What was your view of the role of television or what the balance of
programmes should be in those days?
That it should be based on the writer. I created the slogan 'a play a
day', and it was a very good one. Some plays were short, some plays were
very long, but the drama was there right the way through. I felt that the
writer would never let you down, and it was entirely up to you whether you
let him down. So television in these early days was very firmly based on
what we might call show-biz. In those days we were a small staff and had
not enough money, so it was absolutely impossible to organize it any other
way. But we did make an arrangement with the film companies - Paramount,
Gaumont-British, Movietone - and we did have the current cinema newsreels.

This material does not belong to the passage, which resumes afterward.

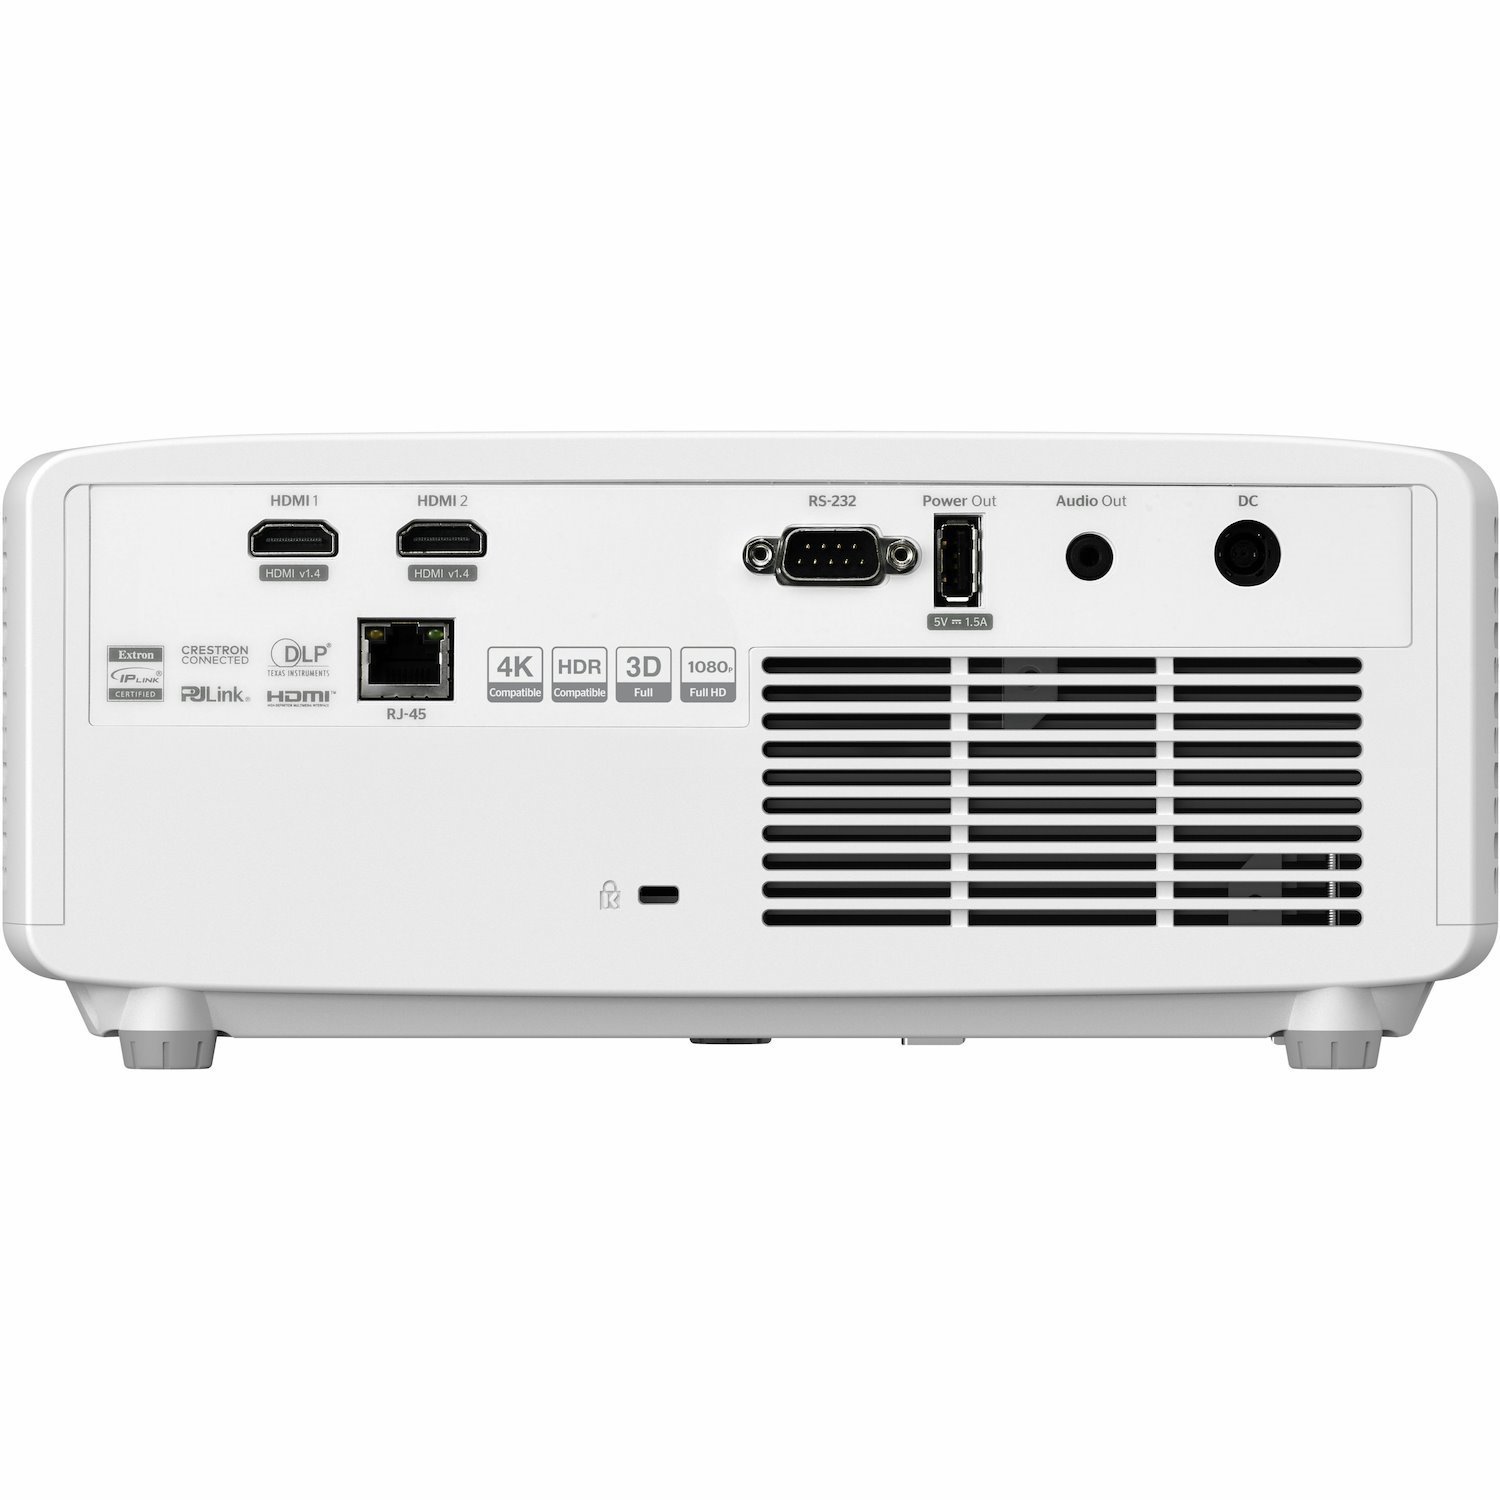 Optoma ZH450ST 3D Short Throw DLP Projector - 16:9 - Wall Mountable, Portable - White

After the war television resumed, in June 1946, with the Victory Parade.
Then there was the royal wedding, Prince Philip and Princess Elizabeth.
The next thing was that television up to that point had all been in
London. So we had to go out into the provinces. The Midlands came in 1949.
In 1950 we were able to do a programme from Calais, which was quite a big
technical achievement then. In 1950 we started Children's Television on a
daily basis. In 1951 we had Manchester, 1952 we had Scotland, then came
Wales and the West Country, and in 1953 television was given an enormous
boost by the Coronation. In 1954 another great high spot was Eurovision,
which gave us eight countries. Of course, it is more now but it was
important then. In 1955 we were doing colour tests.
We had not, until 1938, brought Sundays in. We had that one day off. Then
came the great battle with Broadcasting House: what would the programmes
be on Sundays? Broadcasting House was quite adamant that it should be what
they did on Sundays, which was a bit of Palm Court, a bit of religion, and
I take credit for having fought a very hard fight to say that it should be
drama. For years this was established and it was known as the Sunday Night
Play and the Sunday Night Play has not really been licked today. It is
still what you need and in those days we repeated it on Thursday.
What do you think of the standard of television now?
I think it is extremely good. I do not think it is light weight. I
think that when anything really important comes up, such as the death of a
President or the astronauts, all hands go to the helm in all countries and
the artistic standards are really very good.
What did people in the BBC feel when ITV was founded?
They did not like it. They could see that a lot of their staff was going
to go. Those of us who had, shall we say, good reputations had splendid
offers made to us. Some went, and I think the exodus was a very good
thing: it enabled the BBC to take on new people, and it gave the trained
people a chance. The competition was certainly extremely good for the BBC
and I personally decided to stay with the BBC because it was the kind of
organization I liked. It suited me very well. But I think that it was a
tremendously good thing all round, and anybody who said that it would
dilute talent is talking absolute nonsense.